Arkham Shadow, a Villain’s Story is Doubly Disappointing

Arkham Shadow, a Villain’s Story is Doubly Disappointing



Batman: Arkham City makes sure to honor Batman: Arkham Asylum’s ending tease by opening with Two-Face once Bruce Wayne gets himself incarcerated in Arkham City and rescues Catwoman at the Solomon Wayne Courthouse. The courthouse is iconic in City as it is themed after Two-Face and his gang, but Camouflaj’s Batman: Arkham Shadow retroactively makes City’s encounter far more profound with this particular courthouse becoming wildly significant in his lore. Indeed, Batman: Arkham Shadow does well by all of its characters and District Attorney Harvey Dent is finally allotted a crucial and tragic piece of backstory in this prequel entry.

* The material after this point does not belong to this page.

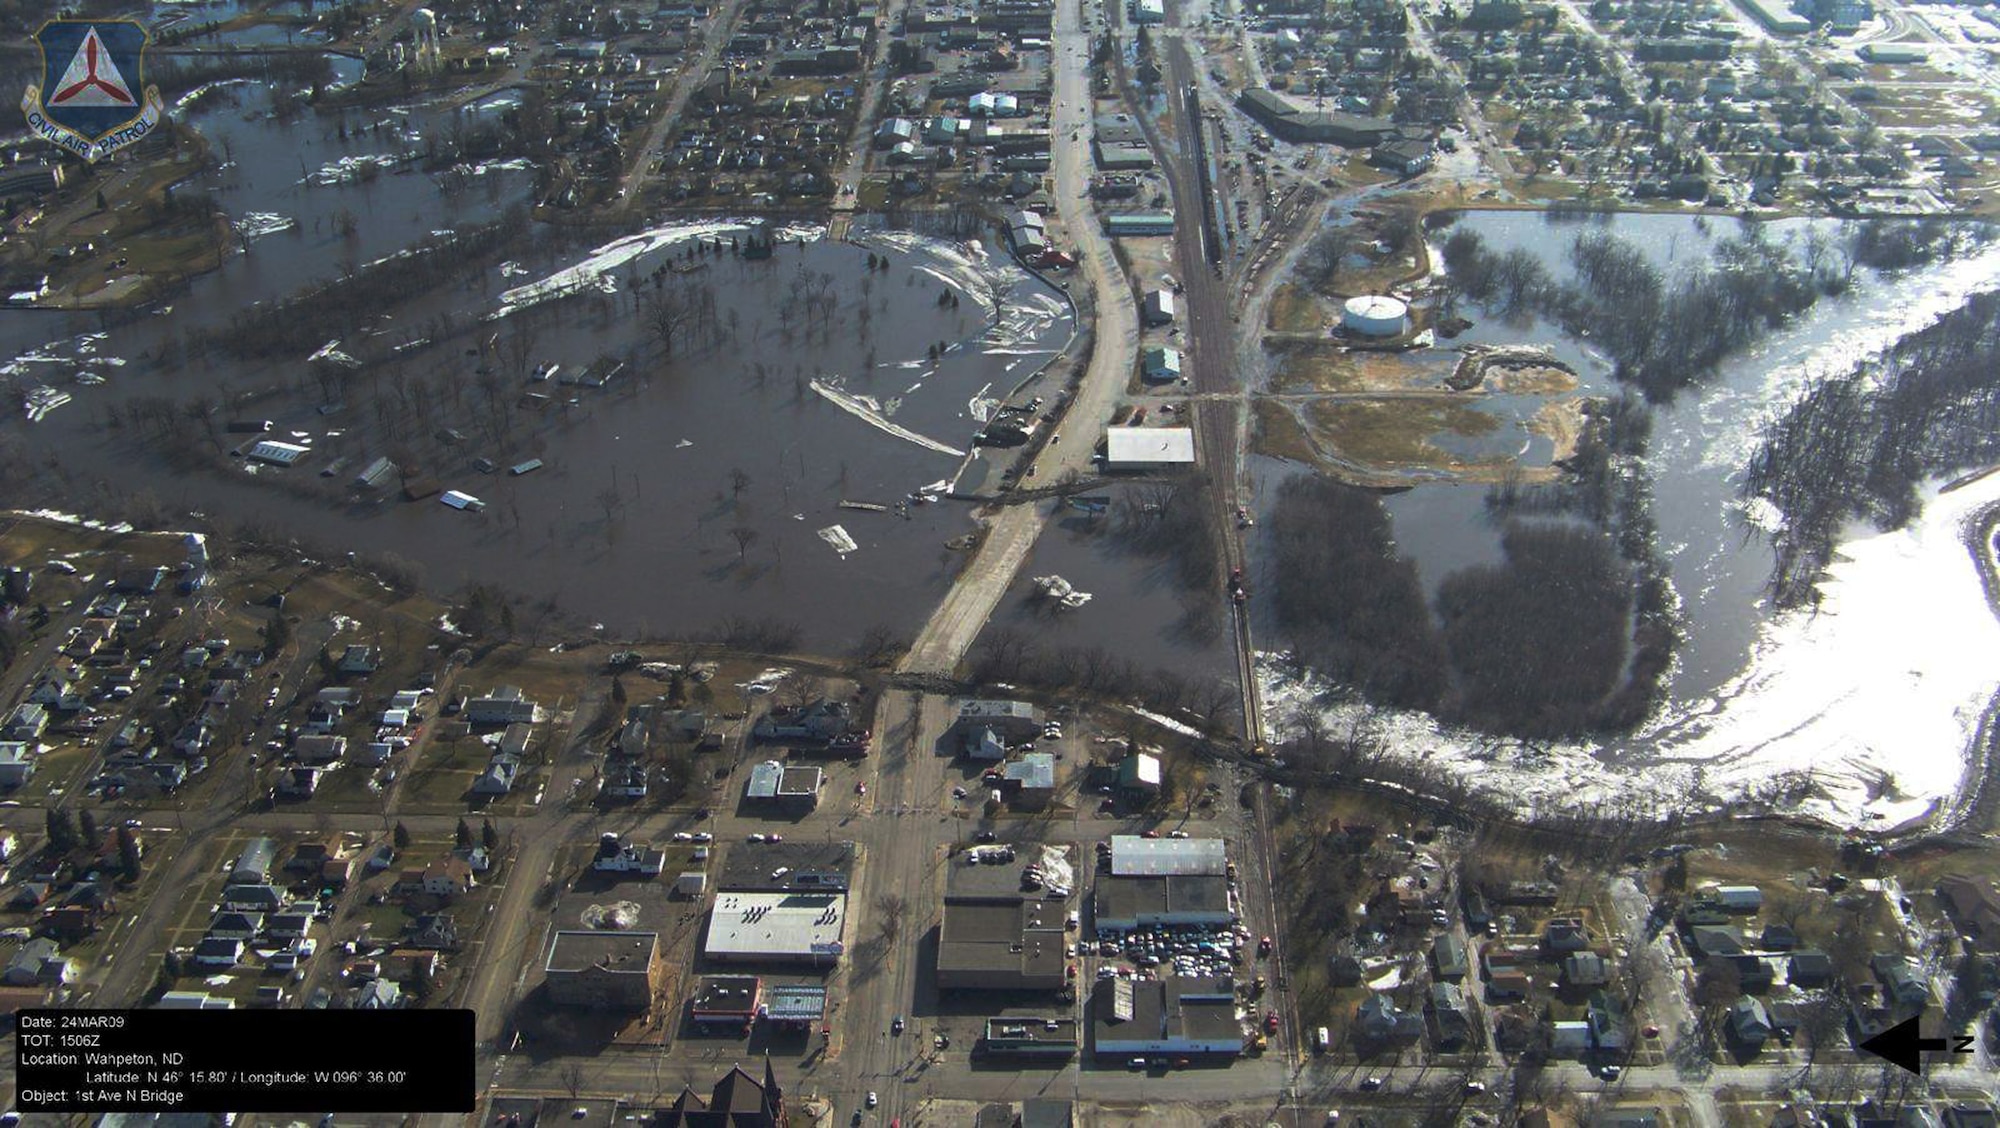 This visual image from Air Force Auxiliary officials show damage done by flood waters along the Red River in North Dakota. Air Force Auxiliary officials have flown more than 30 sorties and captured hundreds of visual images to give emergency responders and on-scene commanders the most up-to-date picture of the affected areas. (U.S. Air Force photo)
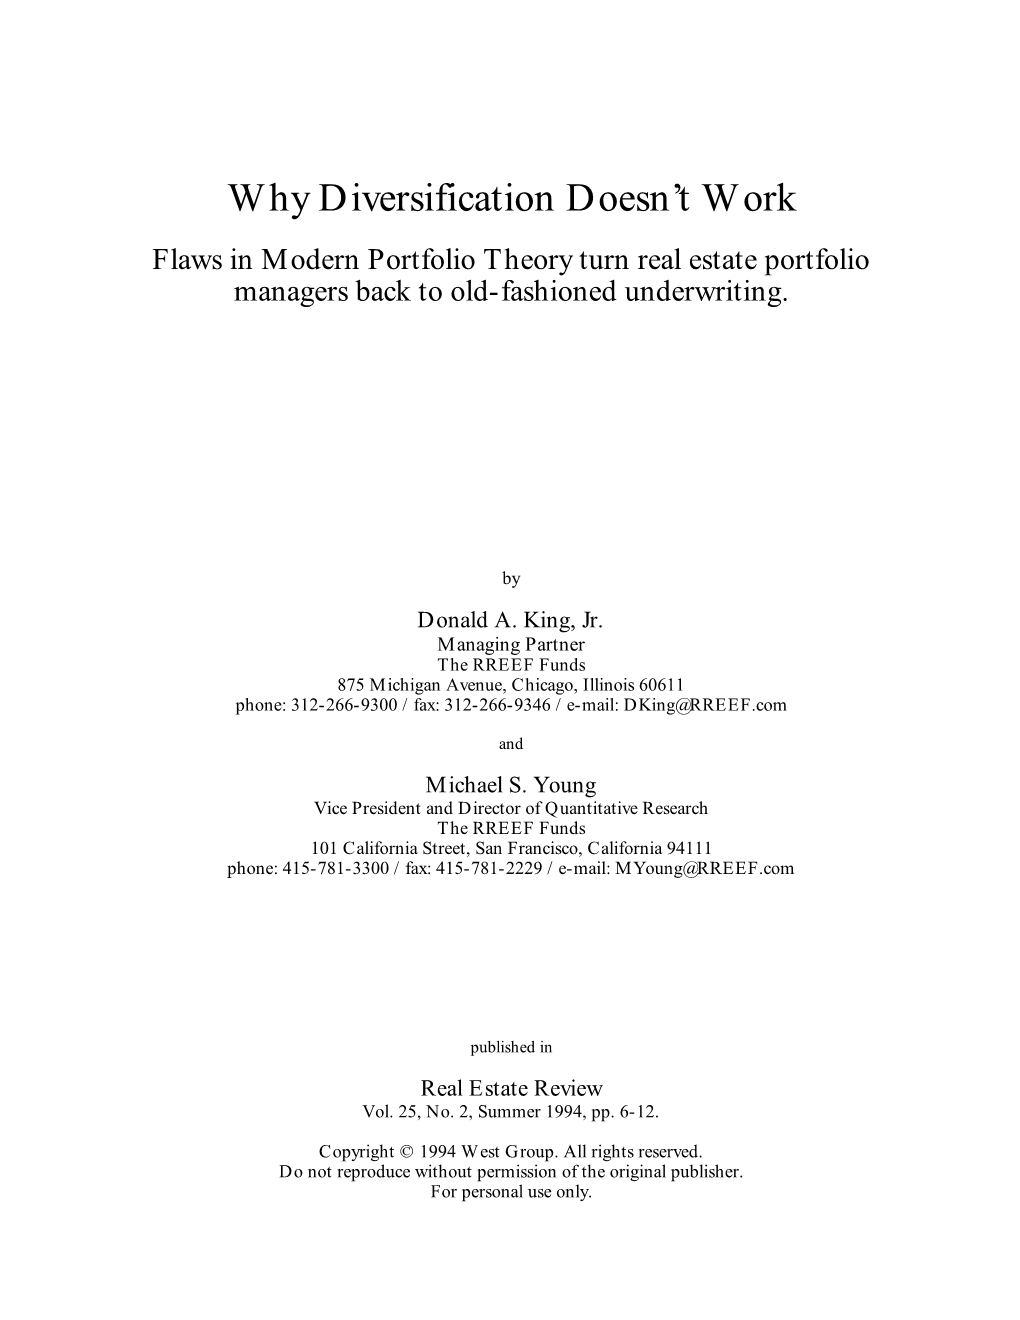 Why Diversification Doesn't Work

Now, even if no future Arkhamverse game ever features Two-Face in a prominent role, Harvey has been done justice in the franchise. Unfortunately, the same can’t be said of every minor or major antagonist who’s been established and made an appearance. There are still many antagonists who could be extrapolated on and made richer in prequel or sequel games, such as Poison Ivy, Deathstroke, or Zsasz, but Thomas Elliot’s Hush can never receive the same Harvey Dent treatment now and was teased as a monumental figure only to be written into an inescapably constricted box.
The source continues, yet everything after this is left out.